I have not tried it but how about:-

select job_num from
(select job_num, count(*) as c from search_records group by job_num)
order by c limit 10;

I am not sure if count(*) would work in this context, if not try count()
on some field that is in every record.


If you can be sure that the top 10 will have at least a certain
threshold of searches (perhaps >1!) then it MIGHT be faster, due to less
data being sorted for the outer selects order by, (experiment) to do:-

select job_num from
(select job_num, count(*) as c from search_records group by job_num
HAVING c>1)
order by c limit 10;

It would depend on how efficient the ORDER BY and LIMIT work together.
(The ORDER BY could build a list of LIMIT n items and just replace items
in that list...a lot more efficient both of memory and comparisons than
building the full list and then keeping the top n)

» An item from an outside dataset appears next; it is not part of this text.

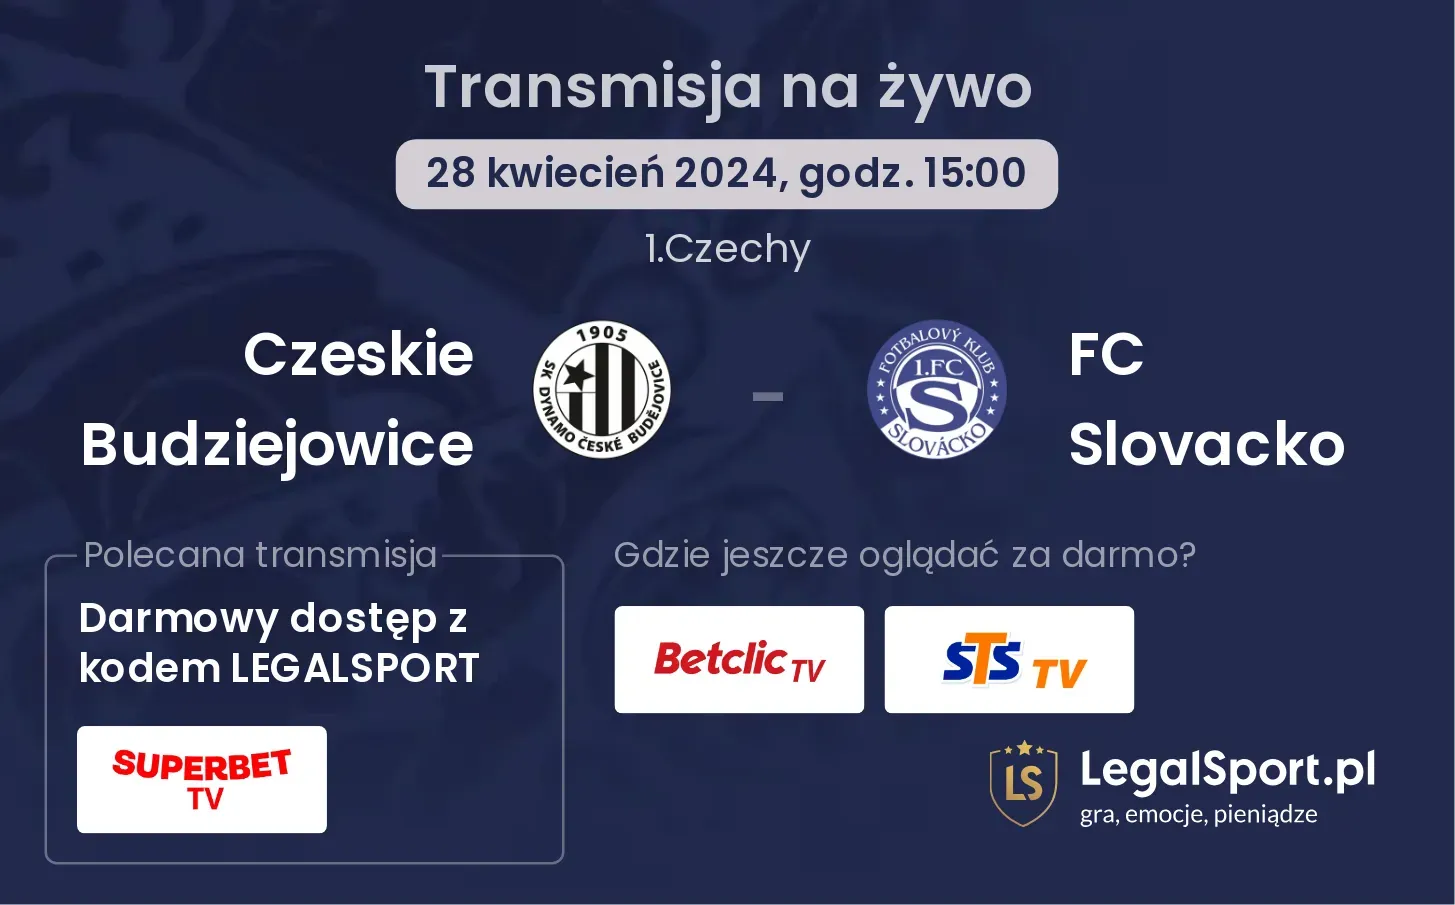 Czeskie Budziejowice - FC Slovacko transmisja na żywo

HACKERS: If it does not do this it might be a usefull optimisation.
There would probably need to be a cutoff limit on whether to apply this
method or sort and keep n.  Also for LIMIT plus OFFSET it would need to
build a list of the the total of the LIMIT and OFFSET figures.

--
This is the identity that I use for NewsGroups. Email to
this will just sit there. If you wish to email me replace
the domain with knightpiesold . co . uk (no spaces).

Re: count of occurences PLUS optimisation

From
Martijn van Oosterhout
Date:
On Thu, Sep 13, 2001 at 01:03:54PM +0100, Thurstan R. McDougle wrote:
> It would depend on how efficient the ORDER BY and LIMIT work together.
> (The ORDER BY could build a list of LIMIT n items and just replace items
> in that list...a lot more efficient both of memory and comparisons than
> building the full list and then keeping the top n)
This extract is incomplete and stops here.